The most important part for me was to practice my skills and enjoy my work, which was a complete success ! 😎

Our final project is called RemoteUnicorns and is focused on devs finding remote jobs.

The project is also online and you can view it here https://remoteunicorns.dev/

Overal DevF experinece and structure

Here I would like to write a bit about the additional features, structure and experience I had with the bootcamp in general, not my group.

First of all, when you join the course you are invited to the Slack workspace with all the students from the previous batches. To be fair, the slack community is mostly silent on the general channels. I don’t know how other groups communicate but our group channel was also mostly dead. At the beginning we tried to share links etc. but it was use mostly to do PSA. This is something to be improved, especially if we are in the new Remote era. the community experience would be a lot better if the channels were a bit more alive.

As I said, my course was remote, which for me is fantastic. We had the slack, our classes were held on Zoom, and we had access to view the classes the next day if you weren’t present. This affected the numbers of people attending the evening sessions, as some part of them were only viewing the recordings. This is still not a problem, I often did the same, because I had urgent project for work.
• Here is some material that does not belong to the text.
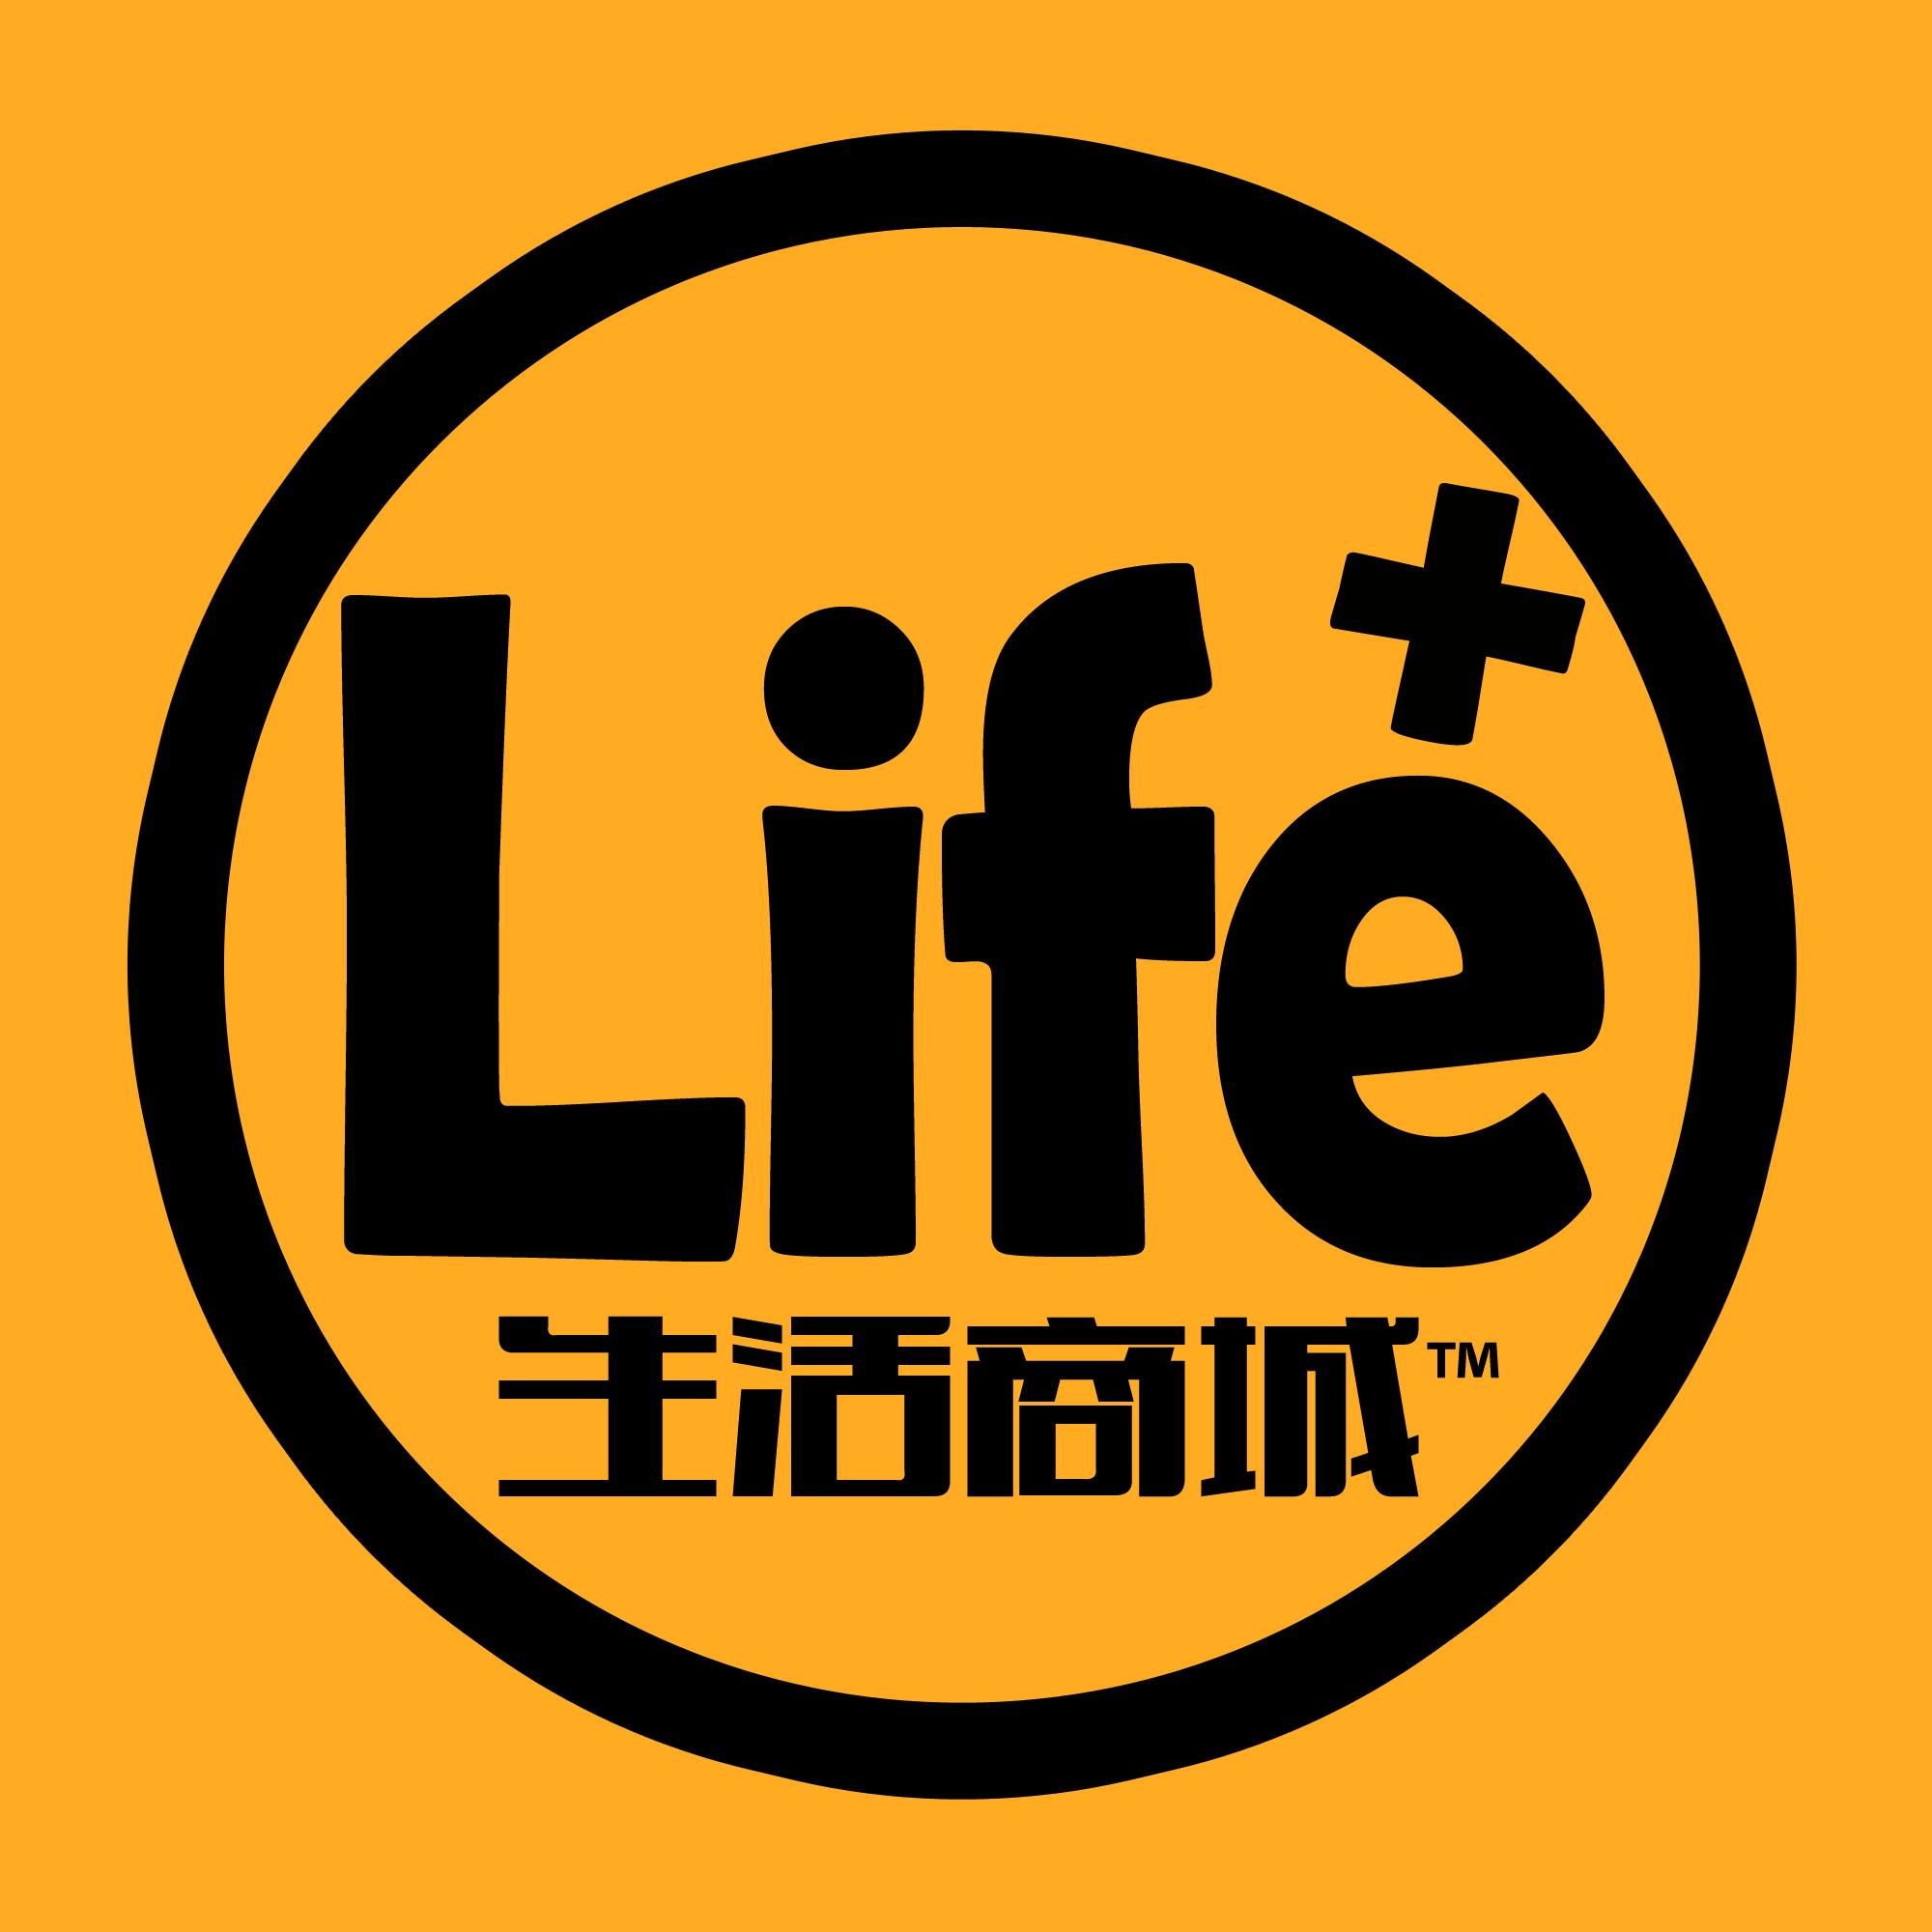 运动logo手机壁纸

During our course there was also hosted an event called “hacketoncito” which is a remote express hackaton-type event that lasts 3h, where we try to develop an idea and put some structure to it. We were randomly divided into groups, that tackled a problem given to the whole community. Our topic was “mental health”. In the end we had 1.5h for project development and then we had presentations. Our group prepared a very feasible SaaS solution and the presentation also went well. Overall, this was an amazing experience, one that I will definitely repeat. It would be also great there are any scoring here, as in the end projects varied a lot.

Should you attend a remote coding bootcamp?

As a self-thought programmer, the experience helped me a lot. There were parts missing from my knowledge and finally having a structure approach to learning helped to even it out. Also the opportunity to talk to other coders was necessary for me to advance my skills. I met great people, structured my knowledge and improved my understanding of code. The final project was also my first build from scratch.So, in the end lot of positives!

The course and additional content probably took me 60-80h in total but I now feel confident in JS and also have a basic knowledge or react.js. Now my plan is to deepen my knowledge and start building project.s

Are there things to improve in the course structure and the coding school in general? Yes. Would I still recommend it? Also yes. I profited greatly from the knowledge, community and program. If you ever have a possibility to do a coding bootcamp I definitely recommend it.